Nicolas Ier dit le Grand, né vers 800, 105e pape du à sa mort, à Rome, le .

Issu d'une famille modeste, il commence sa carrière au palais du Latran, au service du pape. Sous le pontificat de Léon IV (847-855), il est ordonné sous-diacre. À la mort de Benoît III (855-858), il est élu pape grâce à l'appui de l'empereur Louis II.

Pendant son pontificat, il s'impose comme patriarche d'Occident. Il interdit aux princes bretons de transformer Dol en archevêché, rappelle aux métropolites son autorité sur eux et excommunie en 861 l’archevêque Jean VIII de Ravenne, coupable d'avoir empiété sur les prérogatives spirituelles et temporelles du pape[1]. En Orient, il s’immisce dans le conflit entre les partisans du nouveau patriarche de Constantinople, Photios Ier et les partisans de l'ancien, Ignace, déposé par Michel III et le césar Bardas. Quand Boris, prince des Bulgares, se convertit au christianisme, Nicolas Ier, prenant le contre-pied de la politique de Photios, envoie des évêques pour l'aider à constituer son Église. Dans sa Lettre aux Bulgares, il explicite les principales divergences entre les deux Églises. En réaction, Photios convoque en 867 un synode qui excommunie Nicolas Ier.

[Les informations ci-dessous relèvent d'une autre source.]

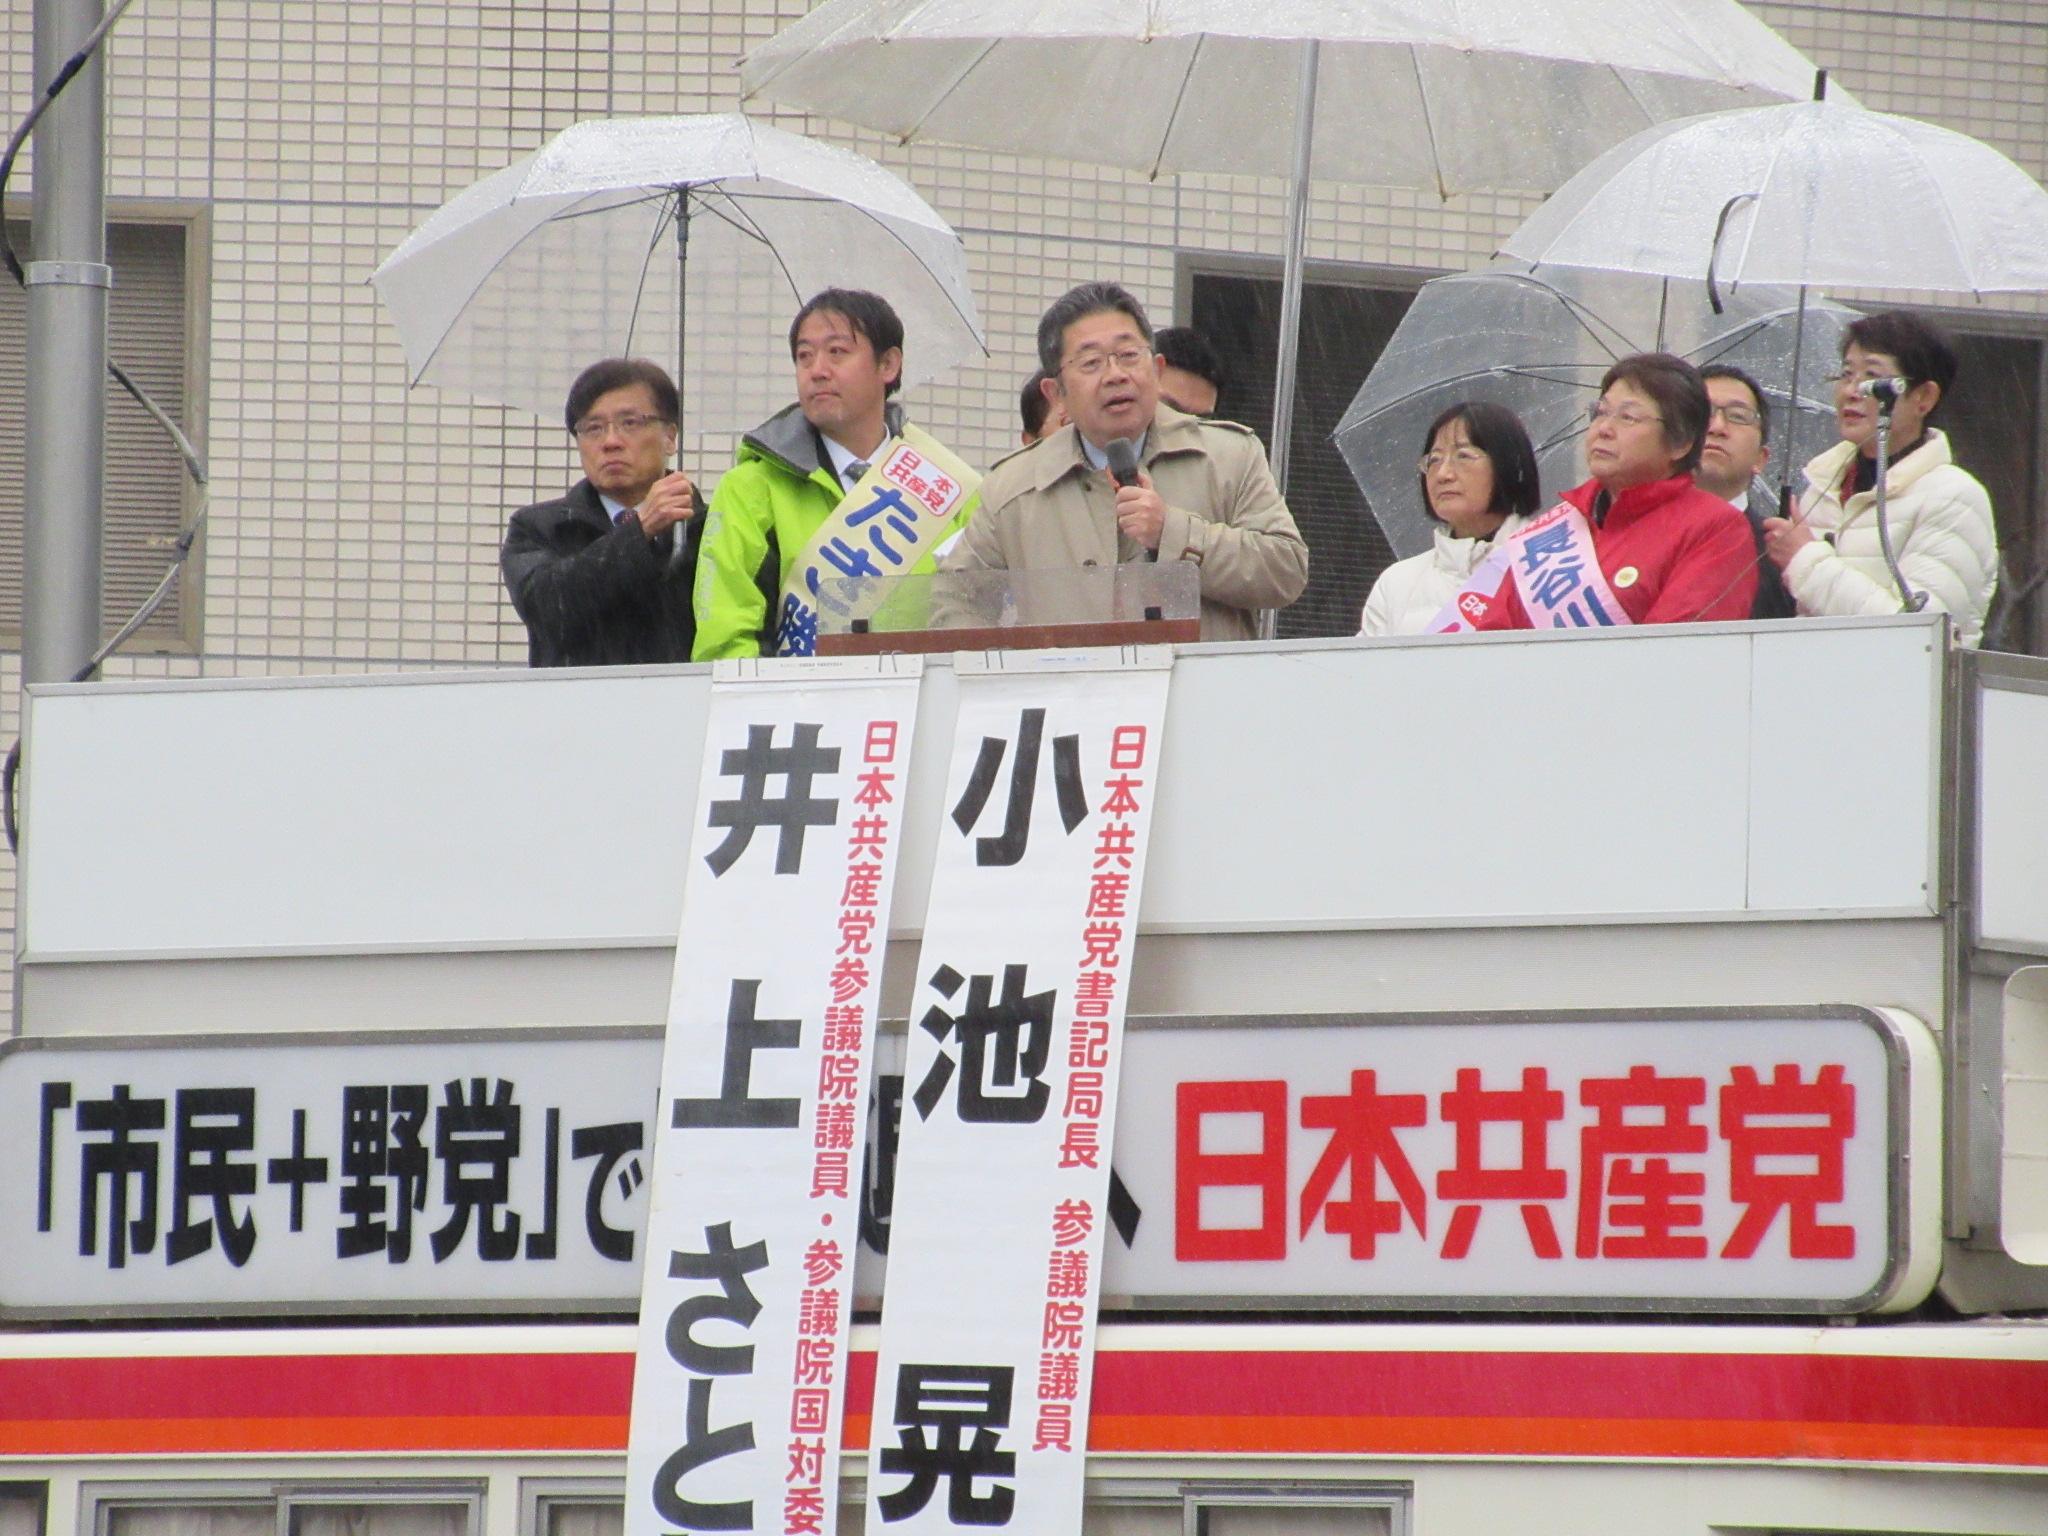 http://www.inoue-satoshi.com/diary/IMG_3172.JPG

Il fait figure d’autorité morale : à ce titre, Charles le Chauve requiert son arbitrage quand son frère Louis le Germanique envahit la France, de même que lors de la révolte de ses fils Louis et Charles. Nicolas Ier intervient également dans le divorce de Lothaire II, roi de Lotharingie : celui-ci, n'ayant pu avoir de descendance de sa femme Theutberge, l'avait répudiée au profit de sa maîtresse, Waldrade. Le pape excommunie les archevêques de Trèves et de Cologne, qui avaient annulé le premier mariage et résiste même aux assauts armés de Louis II, frère de Lothaire.

Dès sa mort, Nicolas Ier est considéré comme l'un des grands papes de l’époque. Réginon de Prüm, au XIe siècle, écrit à son sujet dans sa Chronique de l'année 868 : « Depuis le bienheureux Grégoire, nul évêque élevé dans la ville de Rome sur le siège pontifical ne peut lui être comparé. ». Il est inscrit au martyrologe romain et son culte est attesté depuis le XIVe siècle.

Il est considéré comme le premier pape à avoir revendiqué la supériorité du pouvoir pontifical sur le pouvoir impérial. Le chef de l'Église, en vertu de l'origine divine de son pouvoir, se considère désormais comme l'arbitre et le directeur des détenteurs du pouvoir temporel, rois ou empereurs. Relevant de lui comme chrétiens, passibles de sa juridiction morale comme pécheurs, ils peuvent être soumis à une sanction qui garantisse leur obéissance. Dès lors, le pape peut et doit, s'il le juge nécessaire au service de Dieu et de l'Église, intervenir dans les affaires des princes et Nicolas Ier s'est engagé sans hésiter dans cette voie que suivront après lui Grégoire VII et Alexandre II et qui conduira Innocent III et Innocent IV à cette hégémonie théocratique qui prendra fin sous Boniface VIII[2].

Bibliographie[modifier | modifier le code]

Notes et références[modifier | modifier le code]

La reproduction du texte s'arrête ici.